# Original? Statement of Account (SA300 or SA302)



## diverseyharbor (Mar 26, 2013)

Hello! Just a quick question, when submitting for spouse visa, does my sponsor/spouse's Statement of Account (SA300 or SA302) need to be an original? He's in the UK right now, and I'm in the US, and I didn't know if he needs to overnight it or if he can just scan it to me. 

(He is American also, has indefinite leave to remain)


----------



## Joppa (Sep 7, 2009)

Original is always better. If it's a copy, you need to explain why in an attached note.


----------



## diverseyharbor (Mar 26, 2013)

I figured  It's just the last piece of info and I got my biometrics on Tuesday, so I'm on a deadline. (I know, have everything ready before I do that!)


----------



## diverseyharbor (Mar 26, 2013)

Joppa, I guess I should follow up that comment with is it a acceptable 'excuse' if you do provide a copy? Just because I'm in the US and he's in the UK and the documents were just received to him in the UK I'm not sure will fly?


----------



## Joppa (Sep 7, 2009)

If an original document is actually available, it should be submitted, even if has to be specifically sent over to US.


----------



## diverseyharbor (Mar 26, 2013)

Ok. I want to do this right, so I think the answer is to have him overnight it! I've already spent to much on this, don't want to be denied over a original document issue.

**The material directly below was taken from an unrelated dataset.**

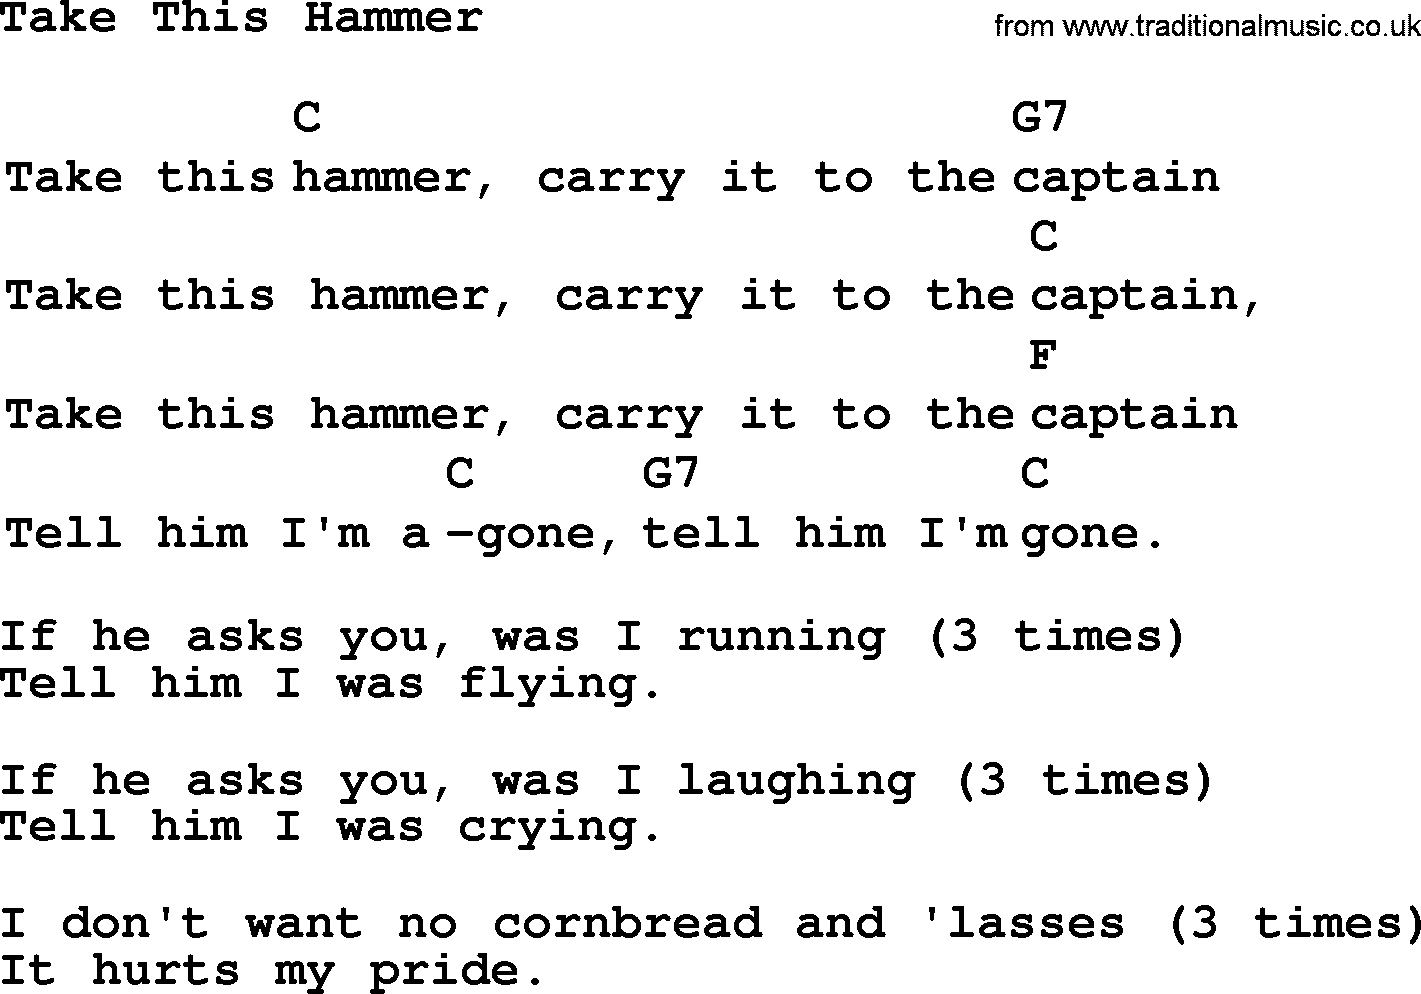 Top 1000 Most Popular Folk and Old-time Songs: Take This Hammer, lyrics and chords

With that being said, I submitted my online application on the 15th of April. Intended date of departure on the 5th. But by the time I send my packet that date will be past, so I am including a secondary option in my packet. Do you think there will be an issue with that?


----------



## Joppa (Sep 7, 2009)

No. They will just date your visa from the day they issue it.


----------



## diverseyharbor (Mar 26, 2013)

Excellent. Thank you Jopppa!


----------